Piangevo: non era quello il mio intento.
Eppure lei rimaneva lì accanto a me nel sogno e continuava a parlare, sembrava anche lei volere il mio contatto e maledizione io sapevo che era un sogno e che quella era solo la mia proiezione mentale di lei, ma stavamo parlando finalmente e io non volevo svegliarmi.
Iniziai a scusarmi parlando di stupidità, follia e altre stupidaggini simili, ma lei le ignorò bloccandomi e ricominciò a parlare: "La dovresti pubblicare",  protestai non sapendo di quale poesia parlasse, poi capii senza che lei lo dicesse che tutte l'avevano fatta piangere, ma non mi disse questo, "sì, dovresti pubblicarla così potremmo parlare per davvero: non nudi su di una panca!"
Ora sarebbe bello poter dire che subito dopo mi svegliai con una idea da realizzare, così da poter parlare; non andò così purtroppo: i sogni hanno le loro leggi non scritte e vanno avanti e indietro senza continuità.

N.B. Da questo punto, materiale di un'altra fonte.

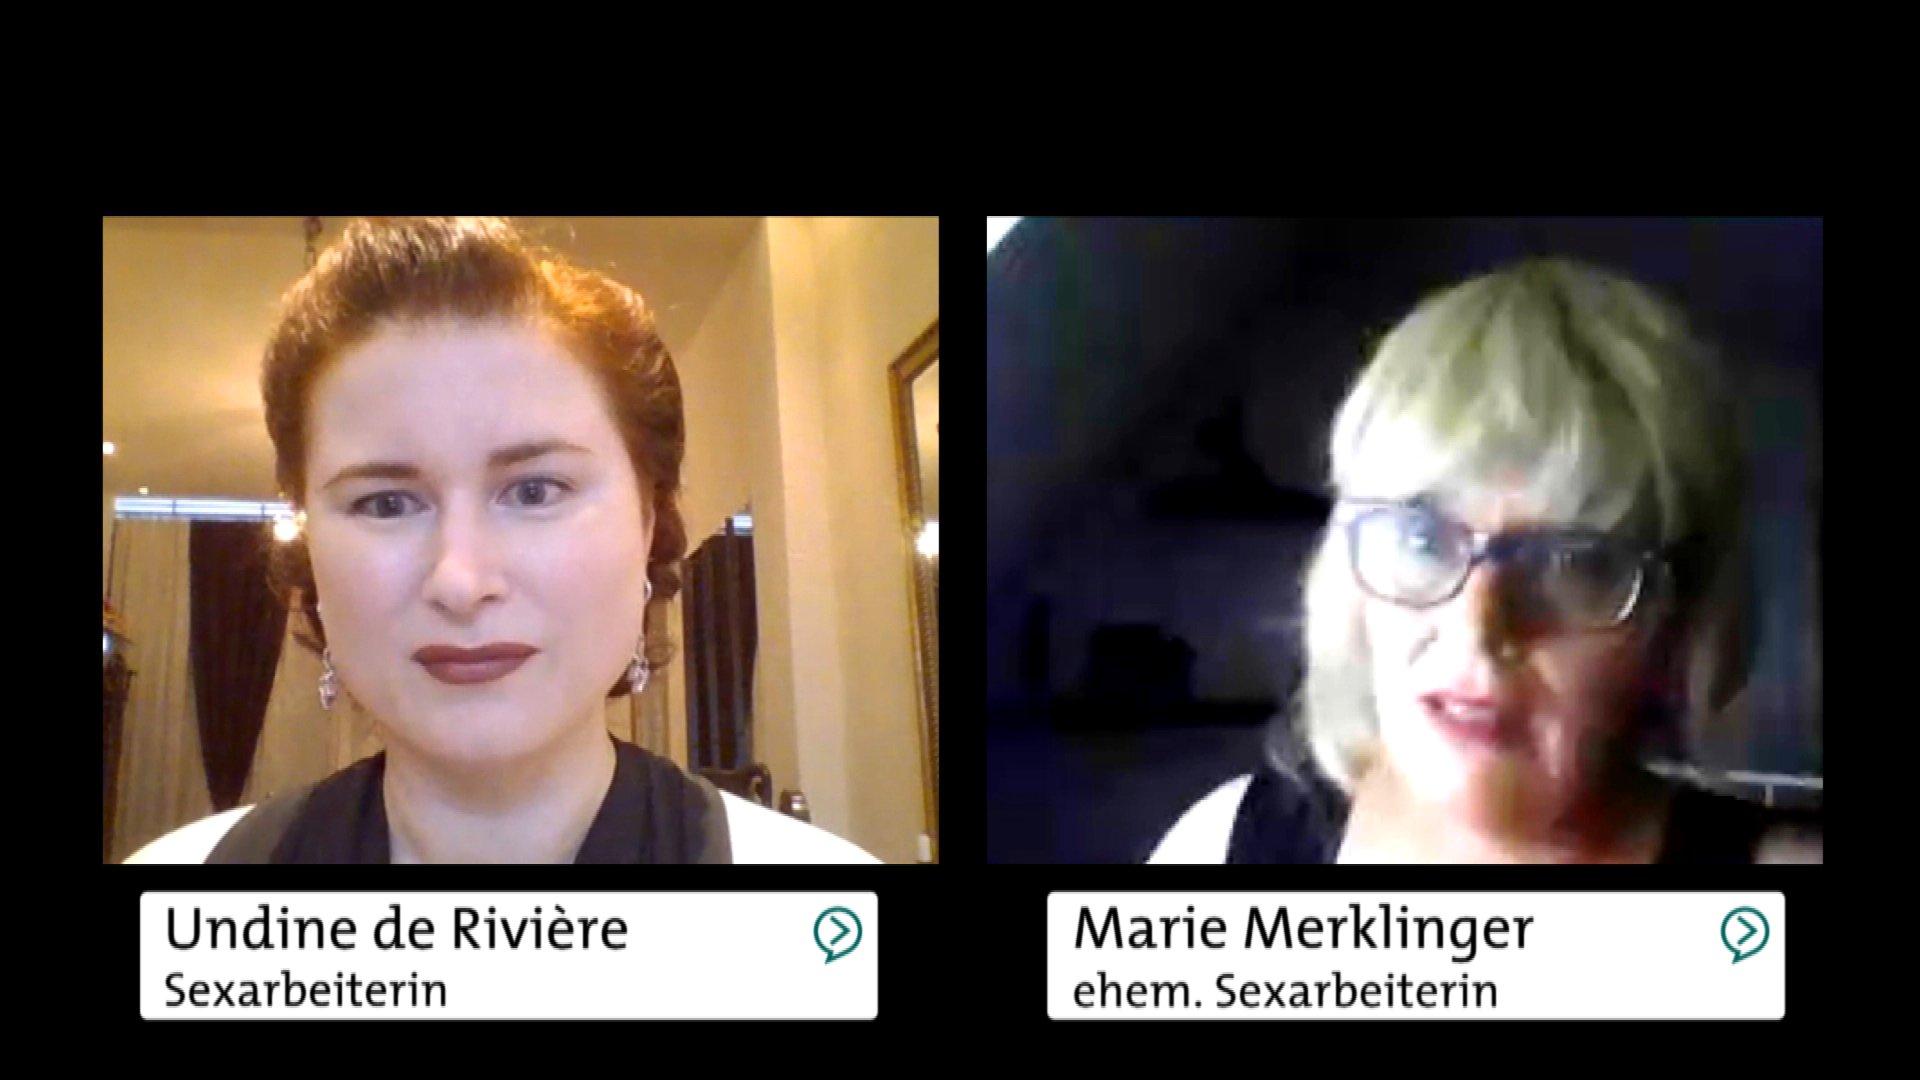 """Marie Merklinger und Undine de Rivière im dbate-Streigespräch zum Thema """"Prostitution legalisieren - Ja oder Nein"""""""

Il mio saltò direttamente ad un'altra scena e tu non c'eri più.
Un mendicante questuava al centro della piazza cittadina e si alleava con altri suoi colleghi per scacciare la strega che disturbava la loro questua: vinsero e poco dopo la maledizione della strega cadde su di loro e la Città li bandì dalla piazza al centro della città e mentre il sogno fluiva in quella direzione questo fece un nuovo salto.

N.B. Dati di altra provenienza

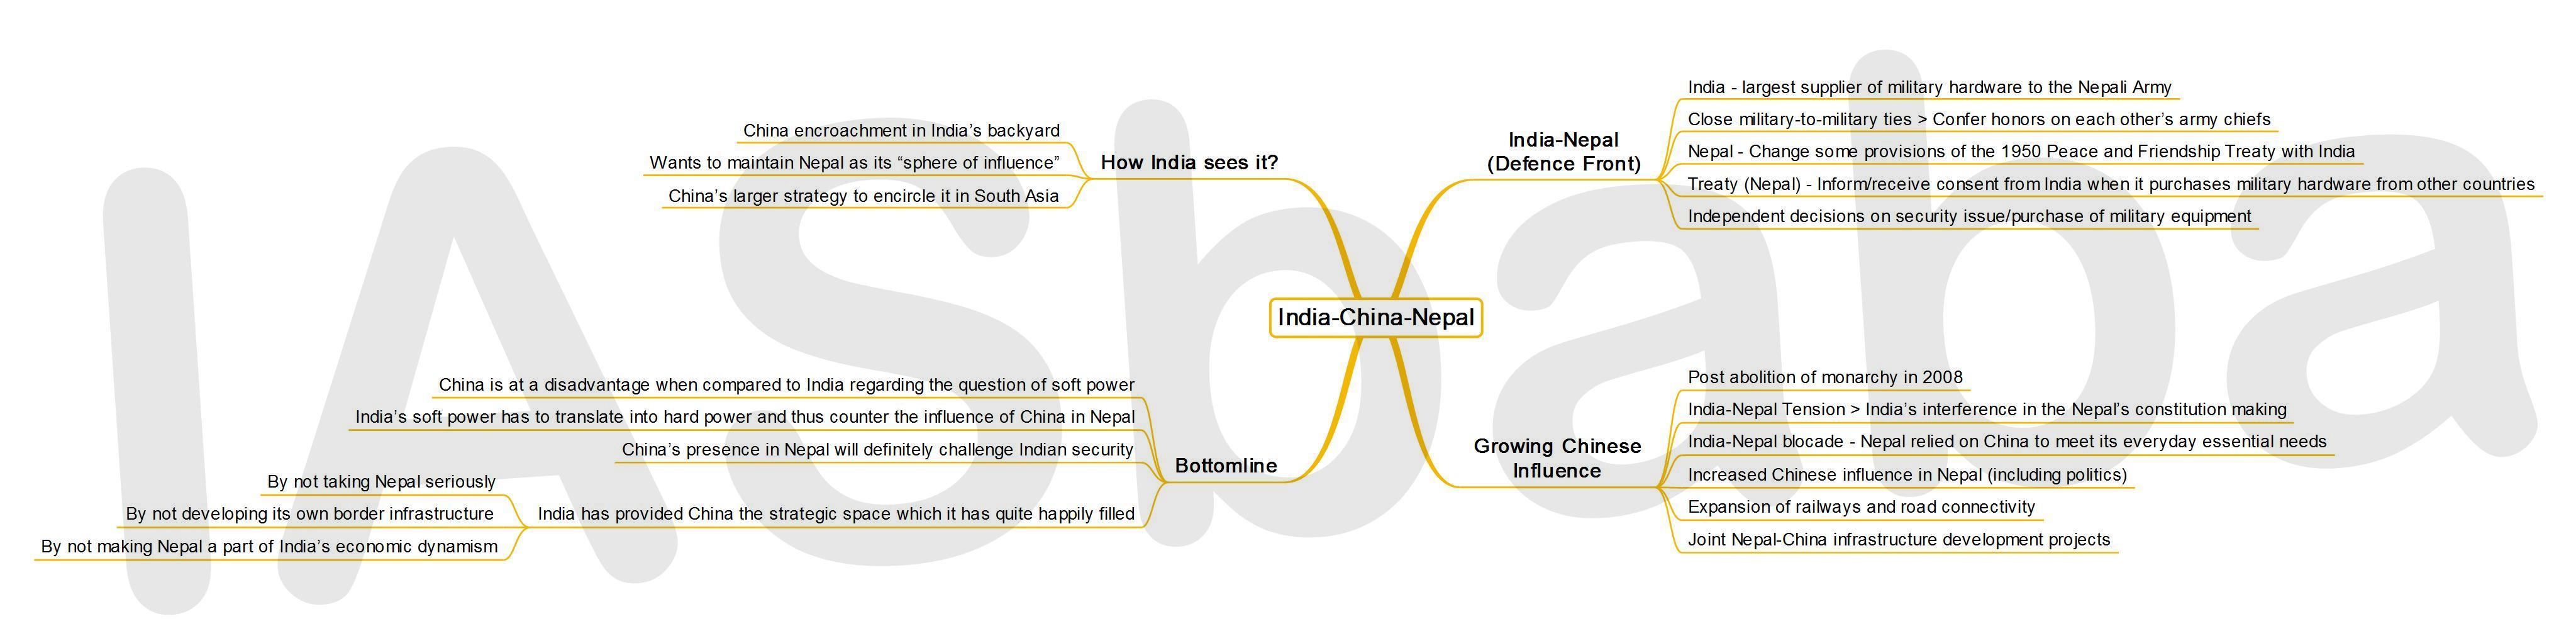 IASbaba's MINDMAP: Issue - India-China-Nepal

Niente più mendicanti e streghe vendicative, o poliziotti con i manganelli a scacciare i primi.
Vi era un uomo che era un vampiro e si nutriva delle anime della gente. Cacciava alle mostre d'arte, nei teatri, per le strade di Parigi, per i vicoli di Roma. Vi era anche una donna, anche lei era un vampiro, quando cacciava era un drago di pezza, dai mille colori, una gigantesca bambola a forma di drago cinese: si nutriva delle emozioni della gente.
Alla fine i due vampiri si incontrarono in caccia, l'uomo mangiatore di anime attaccò la donna-dragodipezza, dai mille colori, e ne uscì vincente: prese, lui credeva, quell'anima; ma la donna fuggì via sorridente, mentre l'uomo uscì dalla mostra sconvolto e triste e maledicente.
E infine mi svegliai, finalmente dopo lo scontro il mio inconscio aveva capitolato e la mia mente mi aveva svegliato. Le guance erano fradice forse di ricordi e forse dopo piansi senza accorgermene ancora.
Ormai non conta: so che pubblicherò quella poesia in un modo o nell'altro e che lei la leggerà ancora.